Quench your thirst, but not your soul

Just in time for Halloween, canned water brand Liquid Death hired a practicing witch to cast a hex on its October stock. Consumers of Certified Cursed Liquid Death will become “magnets for demons.” 

Don’t believe us? That’s cool. See for yourself.

The guy up there is Mystic Dylan, a practicing witch who offers custom spellwork for $150 a pop. His real voice is a lot less “we are legion.”

Before we dig into the ad, here’s a primer on Liquid Death: Launched last year by former Netflix creative director Mike Cessario, in May it raised $1.6 million to take water in a tallboy can to the straight-edge punk crowd. 
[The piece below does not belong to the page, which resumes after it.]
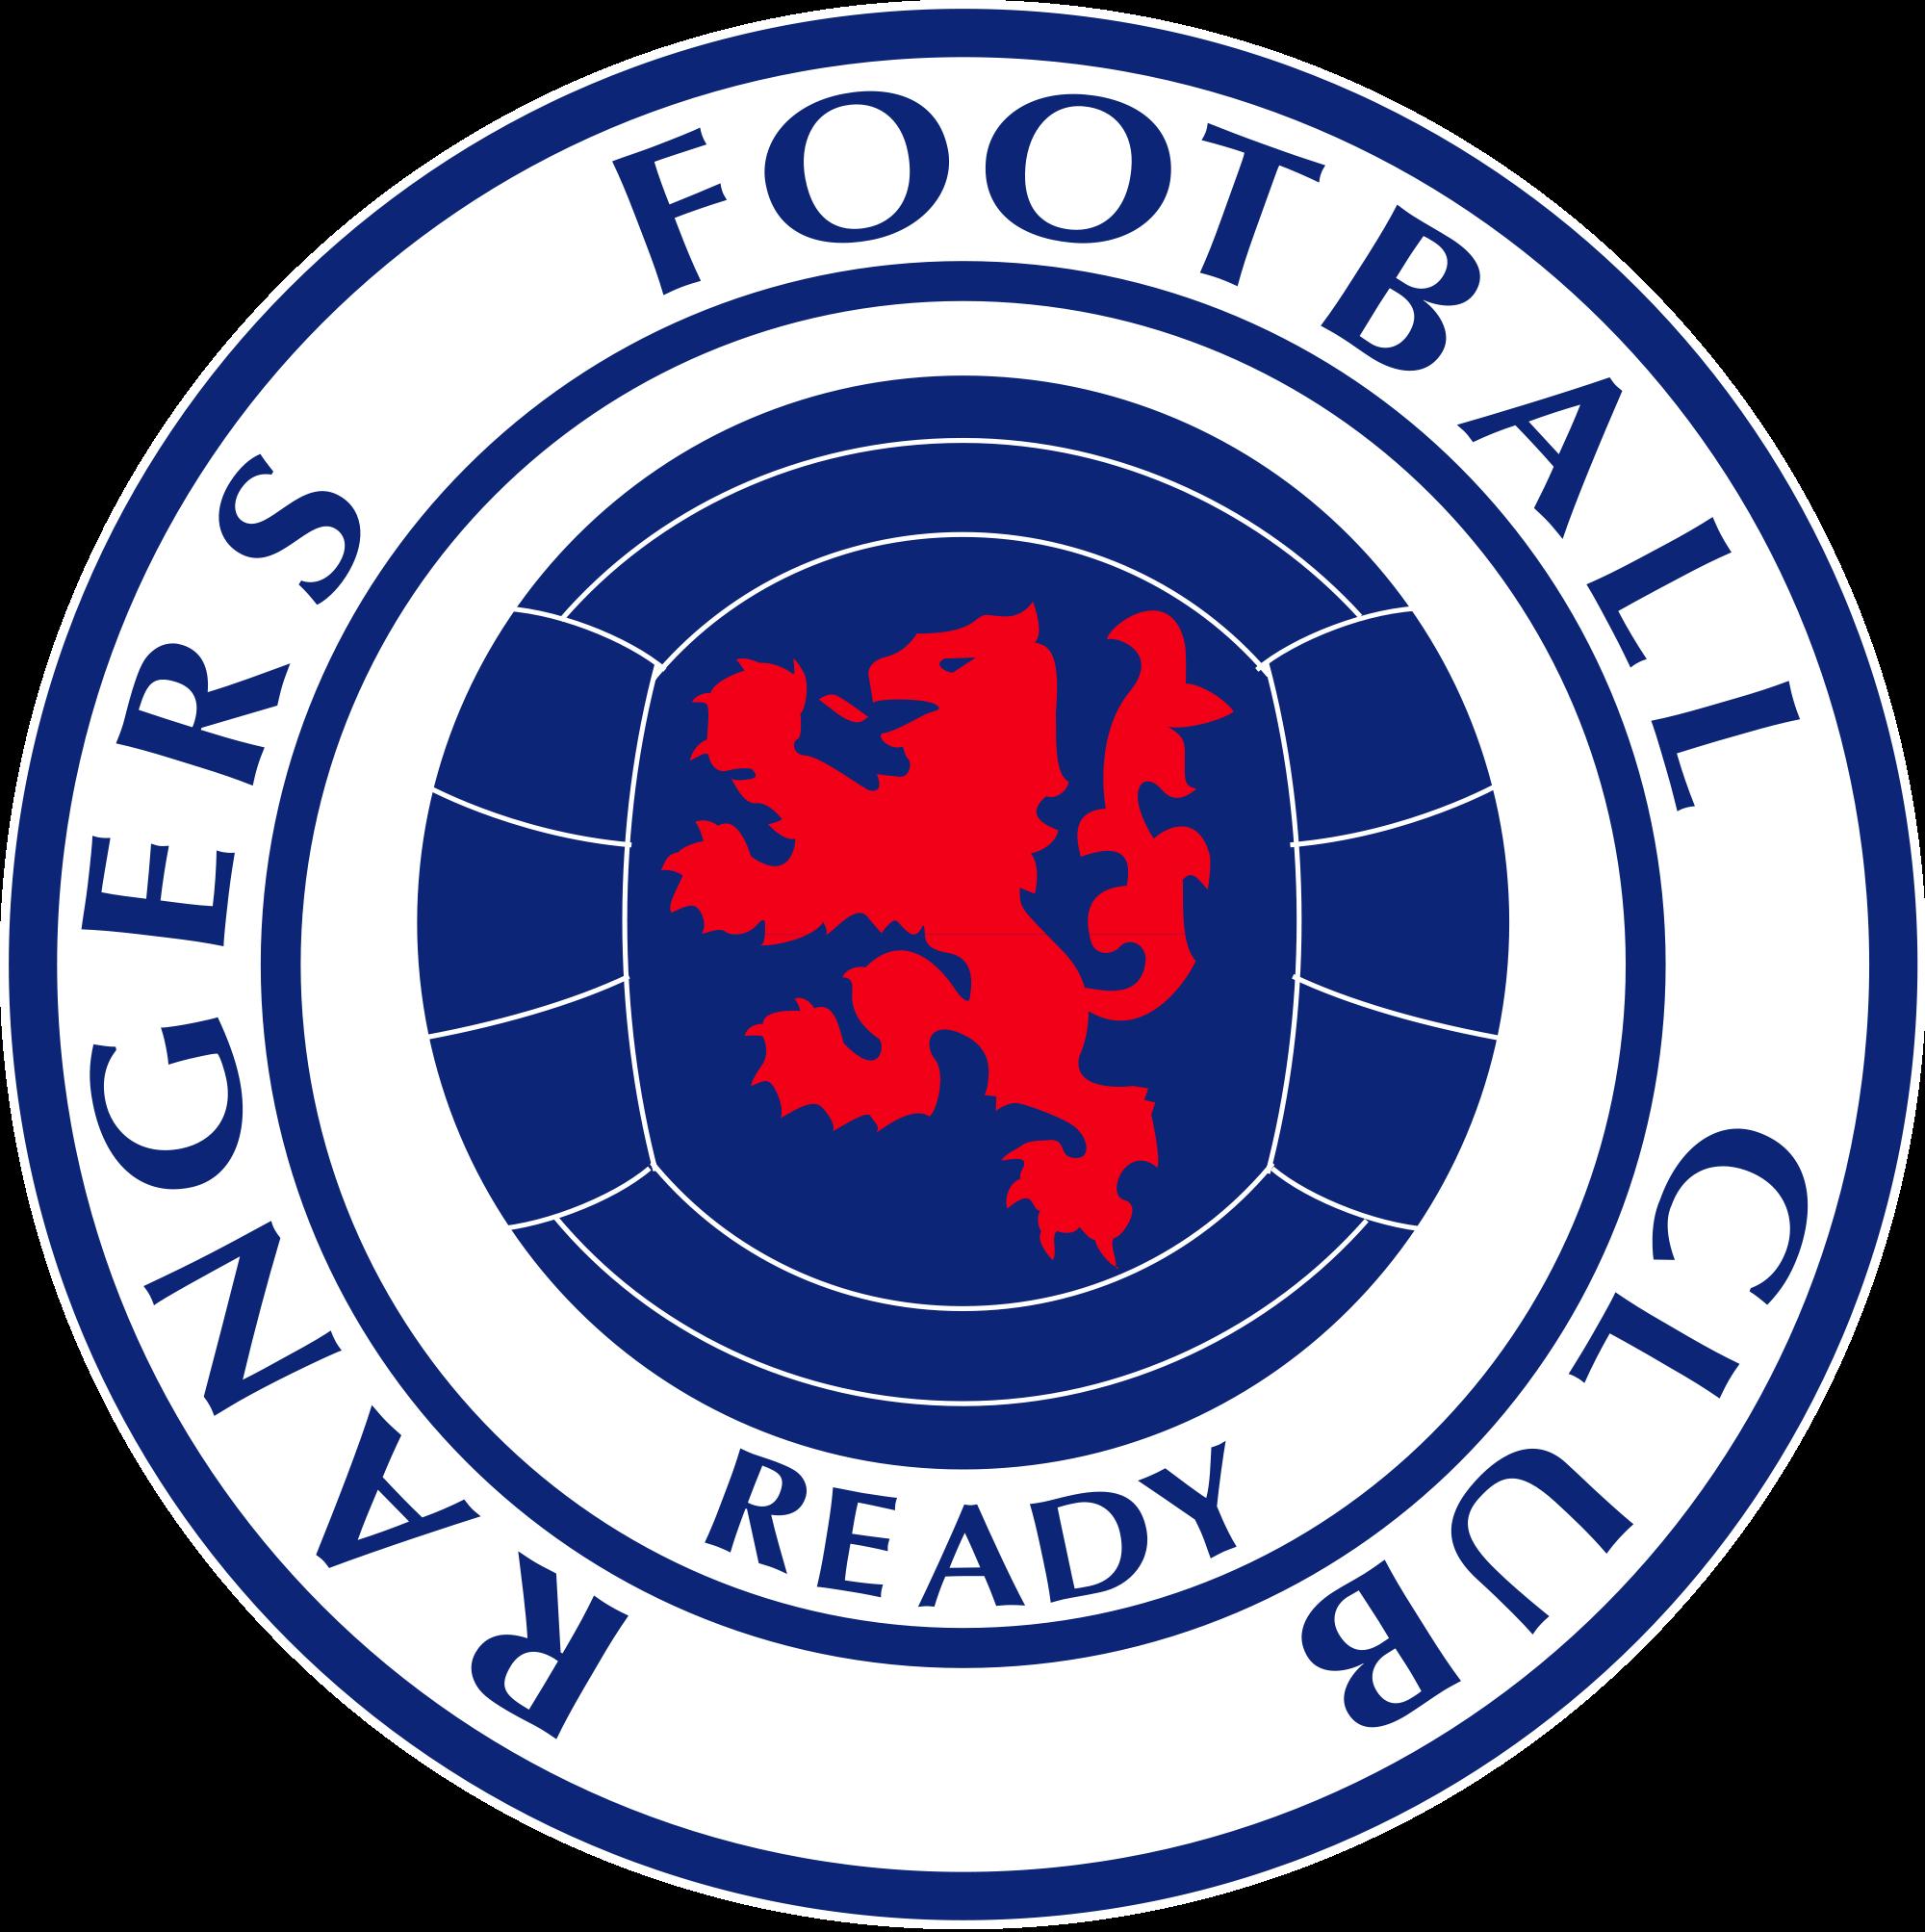 Rangers F.C. Glasgow rangers football, Glasgow rangers

The appeal for this is broader than one might believe: The funding round was led by Science Inc., with tech contributors that included Dollar Shave Club founder Michael Dubin, Twitter co-founder Biz Stone, and Away co-founder Jen Rubio. 

Let’s return to that Halloween curse. The ad is long and melodramatic, more a play on stereotypes than anything serious—even if, for pagans and practicing witches, it can feel trite and potentially dangerous. Historically, stereotypes kill minorities, now as then, and not just witches. 

Given Mystic Dylan’s profession, and its reliance on his legitimacy, it’s also a rather flagrant way to invite harm on customers themselves—though in the end, maybe it’s not much more serious than locking yourself in the bathroom, lights off, and whispering “Bloody Mary” three times into a mirror, trembling with belief and anticipation. 

Belief is everything, right? Belief in money, in the personhood of corporations, in the idea that college should cost 80 grand, in wearing a suit. Belief is the glue that holds society together. And Liquid Death is all about toying with the superficiality of that construction. (Though should demons actually come for you, they’re selling an antidote online for 99 cents.)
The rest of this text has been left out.